Hello,
My initial thought was that this would be straightforward, and something like this one line of awk
would work:
$ cat test.txt
1234 84 test1 file:about user_detials(bankUser) :jpeg 10 40 xys
1356 2 branches dir:list of files(dirlisting:1) :directory 20 80 abc
$ awk '{ gsub("\\(", " ") ; gsub("\\)", " ") ; print $1,$2,$3,$6,$8,$9,$10}' test.txt
1234 84 test1 bankUser 10 40 xys
1356 2 branches files :directory 20 80
$
So the idea is that we use awk
, first replacing the brackets with spaces, and then just do a straightforward print of the fields we need.
But as you'll have seen, the output we get doesn't quite match what you want. It turns out that the reason for this is that the number of fields is inconsistent, and changes from one line of your test data to the other.
To be specific, the first line has nine fields, whereas the second line has ten:
$ head -1 test.txt | awk '{print NF}'
9
$ tail -1 test.txt | awk '{print NF}'
10
Now others with greater familiarity with awk
than myself may well be able to still come up with an elegant one-line way to deal with this, but personally I would think that you have to make sure that the only spaces in your data are used strictly as field separators, or alternatively that any fields using spaces are at least quoted.

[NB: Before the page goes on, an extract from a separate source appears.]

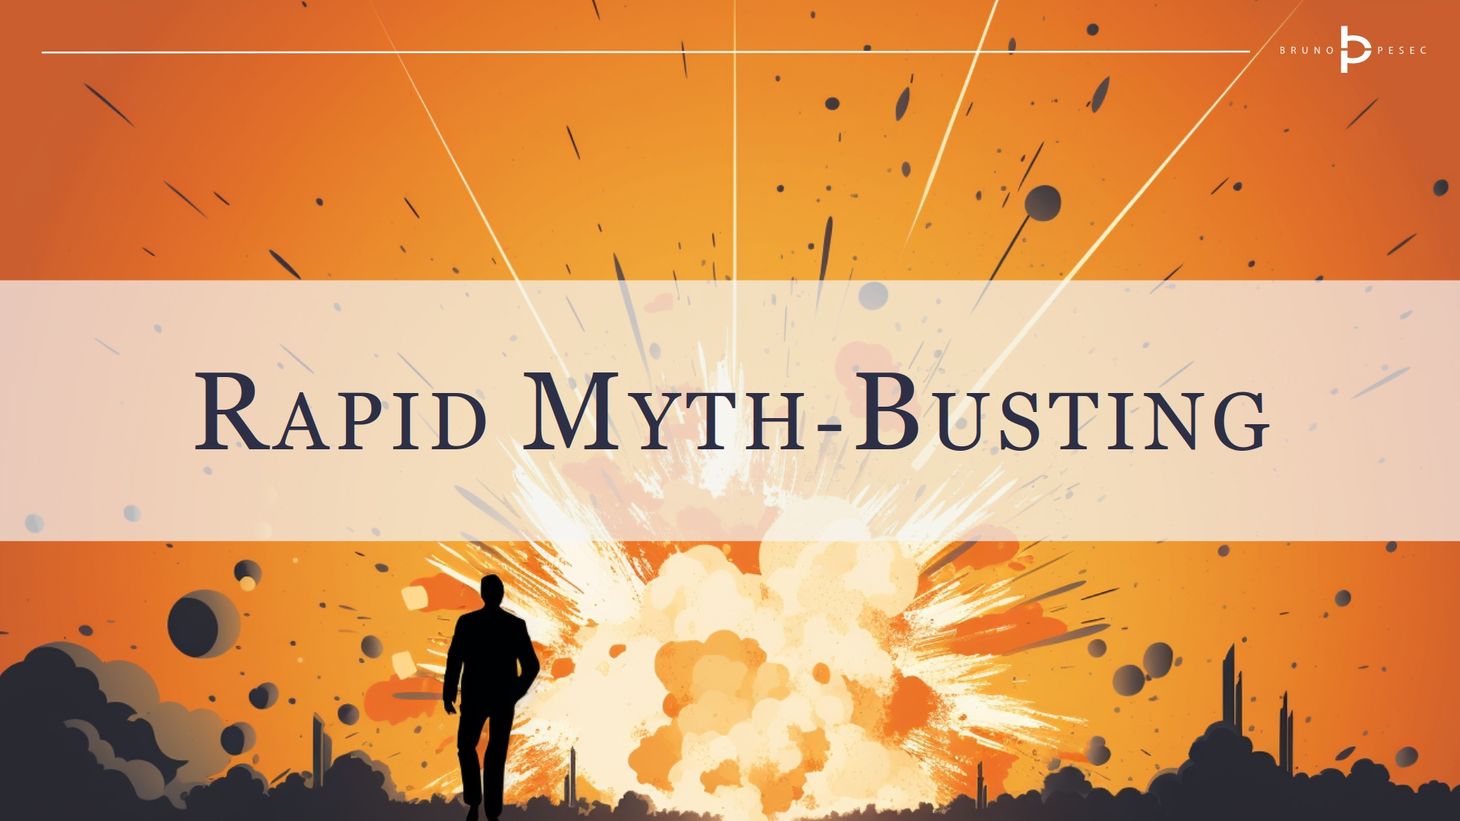 Rapid myth-busting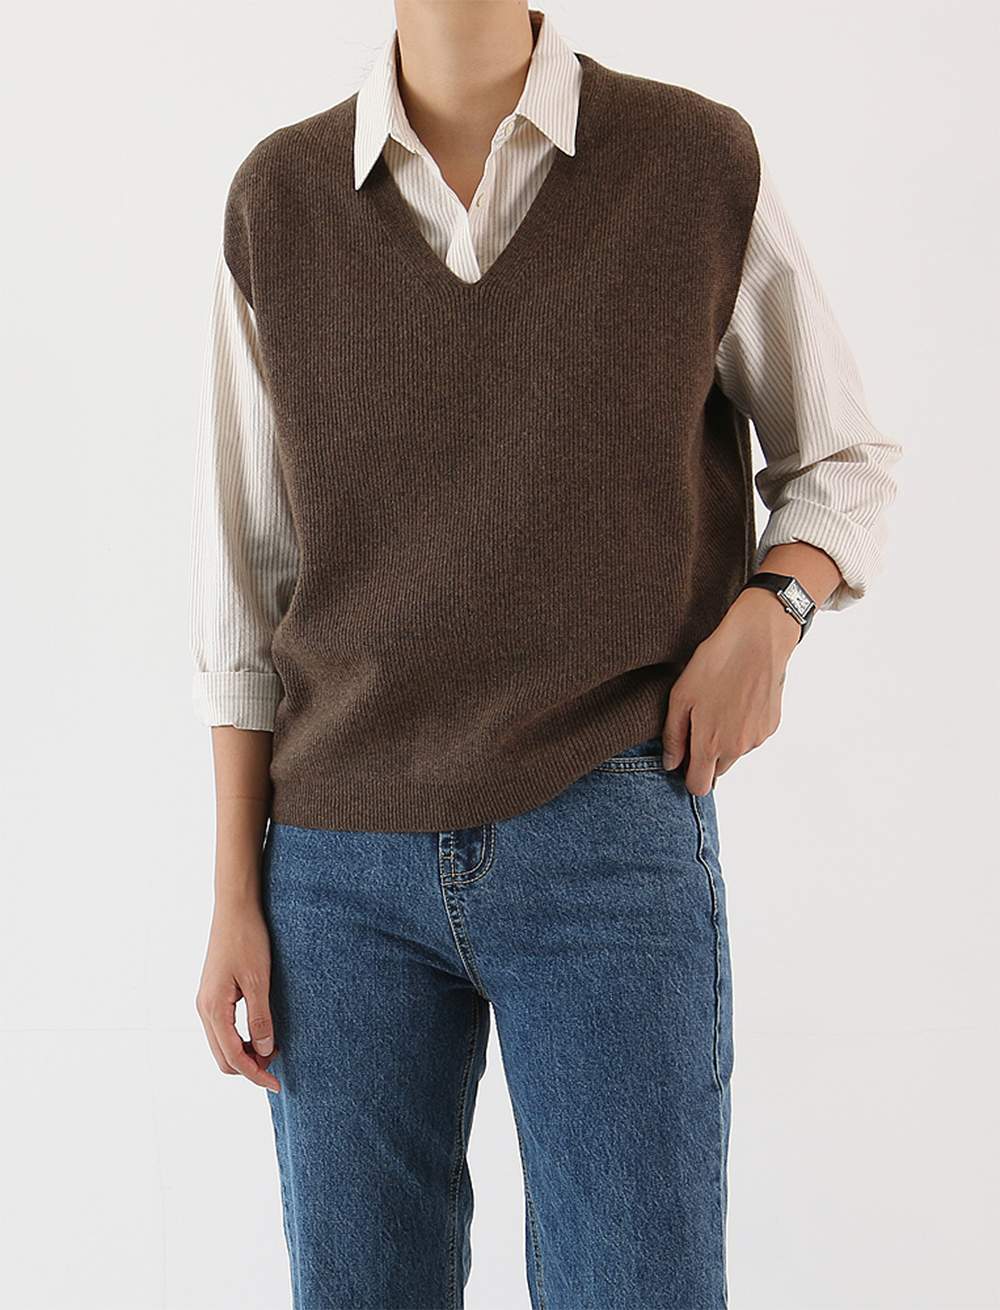 plat knit vest (4c)

The following script would seem to do what you need:
$ cat script.sh
#!/bin/bash
file=test.txt
while read -r line
do
type1=`echo "$line" | awk -F\( '{print $2}' | awk -F\) '{print $1}'`
num1=`echo "$line" | awk -F\) '{print $2}' | awk '{print $2}'`
num2=`echo "$line" | awk -F\) '{print $2}' | awk '{print $3}'`
text1=`echo "$line" | awk -F\) '{print $2}' | awk '{print $4}'`
echo $line | awk -v type1=$type1 -v num1=$num1 -v num2=$num2 -v text1=$text1 '{print $1,$2,$3,type1,num1,num2,text1}'
done < "$file"
$ ./script.sh
1234 84 test1 bankUser 10 40 xys
1356 2 branches dirlisting:1 20 80 abc
$
So we use what field separators we can always count on (the brackets, or so I'm hoping !) to strip out the fields we need one at a time, then we build up our awk
line at the end.
Hope this helps. If not, then if you can let me know in what respects it fails we can take things from there. The main thing in general with this type of problem is to make your input as consistently- and reliably-formatted as you possibly can, always.